§ **Your objective**: Copy the data below exactly. Any pictures in it should be omitted.
[Supplied data Boundary: Start]
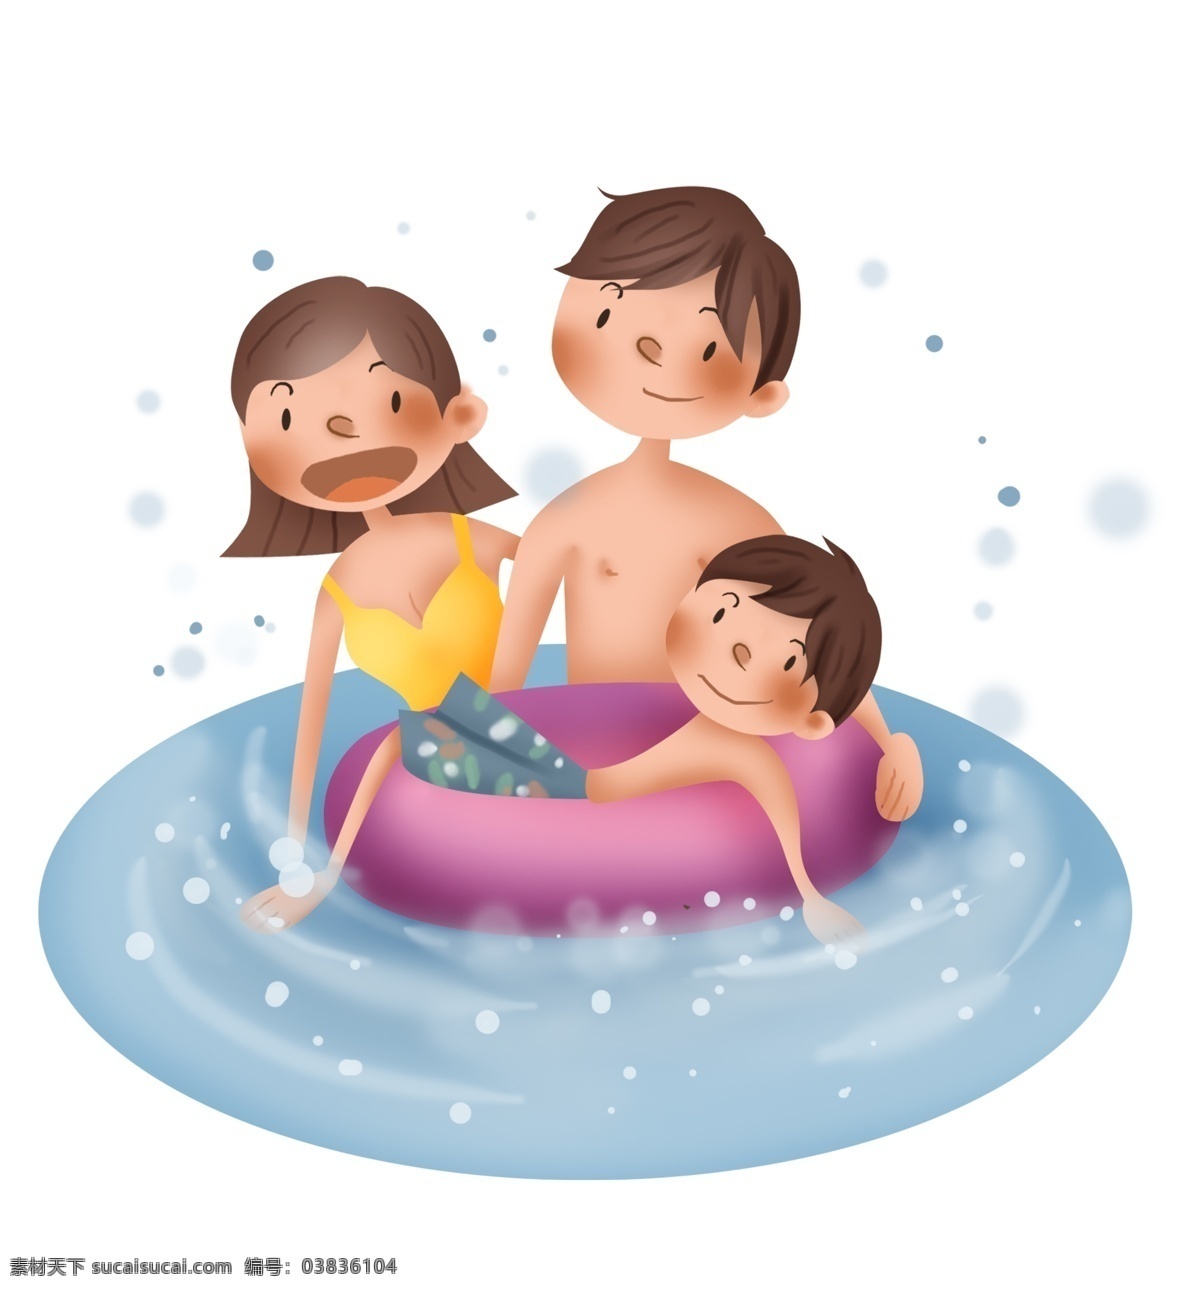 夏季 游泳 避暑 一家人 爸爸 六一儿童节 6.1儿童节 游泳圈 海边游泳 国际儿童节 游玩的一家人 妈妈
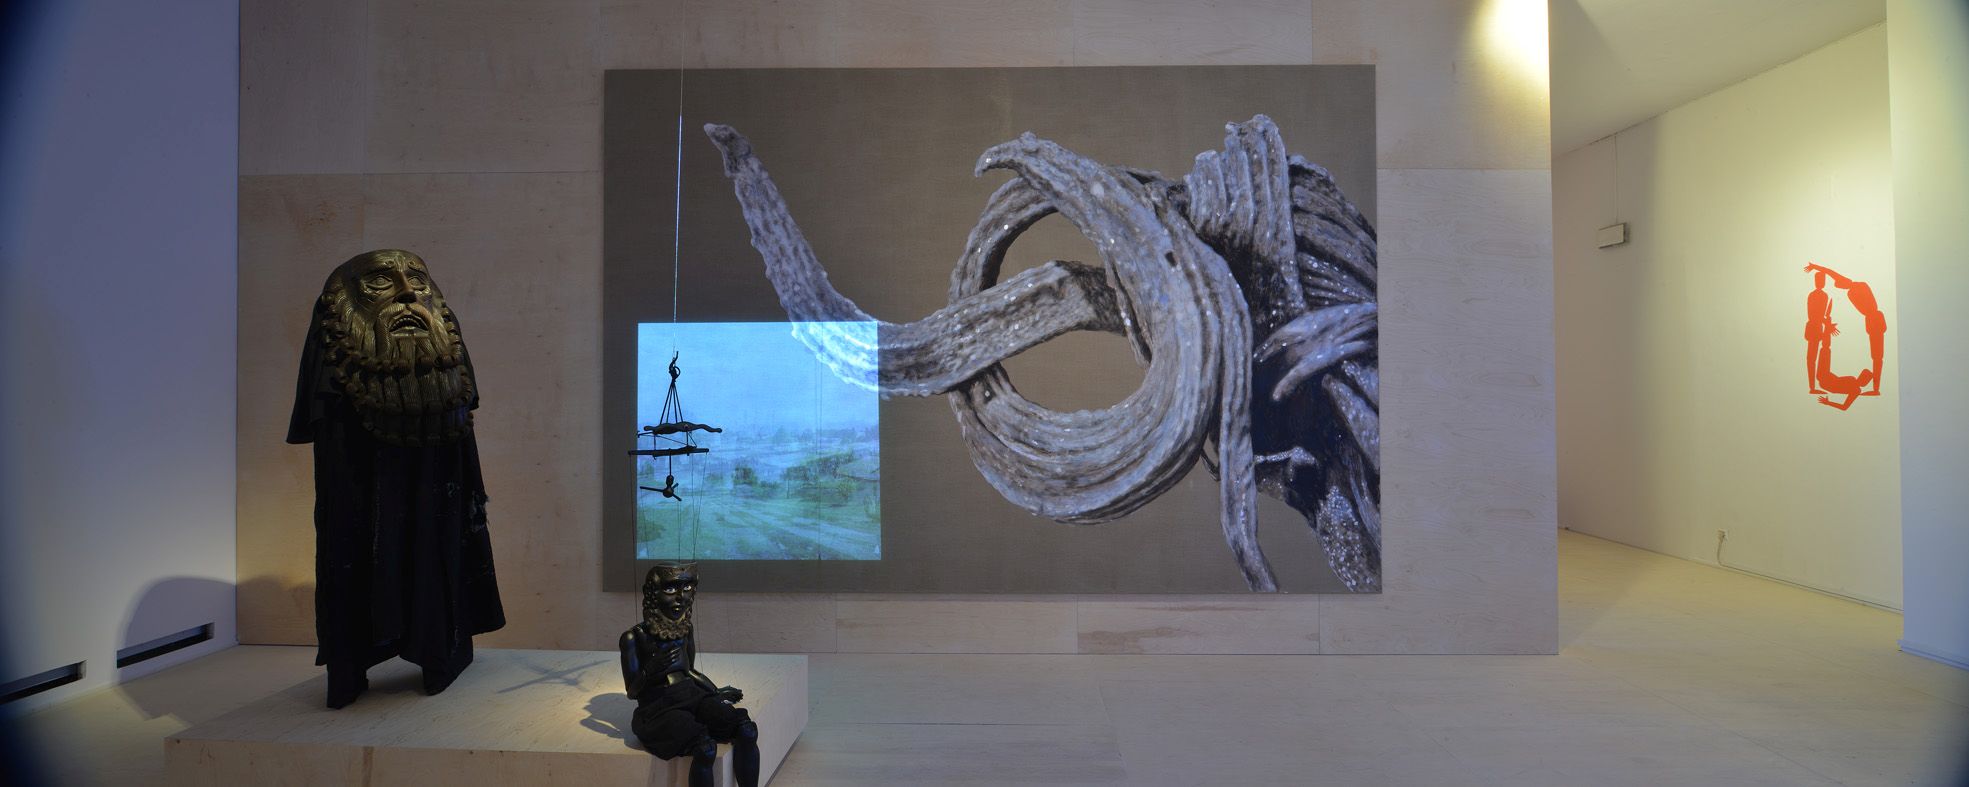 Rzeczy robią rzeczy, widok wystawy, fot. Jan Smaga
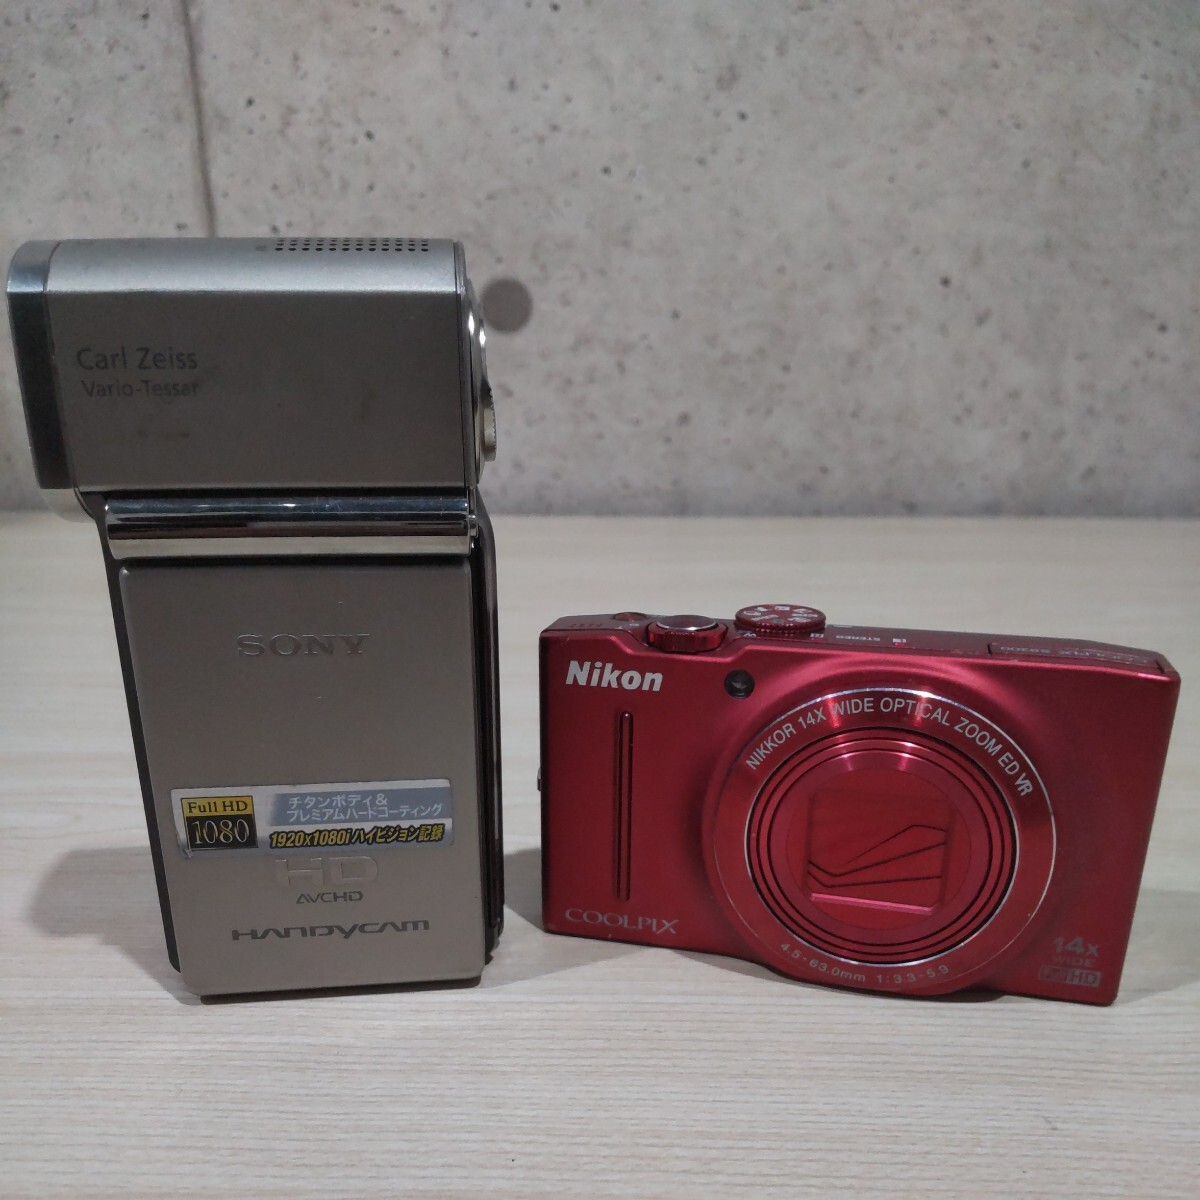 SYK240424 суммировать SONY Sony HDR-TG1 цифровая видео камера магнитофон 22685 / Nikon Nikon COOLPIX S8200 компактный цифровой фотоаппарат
[Supplied data Boundary: End]
§ **Task solution**:
 夏季 游泳 避暑 一家人 爸爸 六一儿童节 6.1儿童节 游泳圈 海边游泳 国际儿童节 游玩的一家人 妈妈
 Rzeczy robią rzeczy, widok wystawy, fot. Jan Smaga
 SYK240424 суммировать SONY Sony HDR-TG1 цифровая видео камера магнитофон 22685 / Nikon Nikon COOLPIX S8200 компактный цифровой фотоаппарат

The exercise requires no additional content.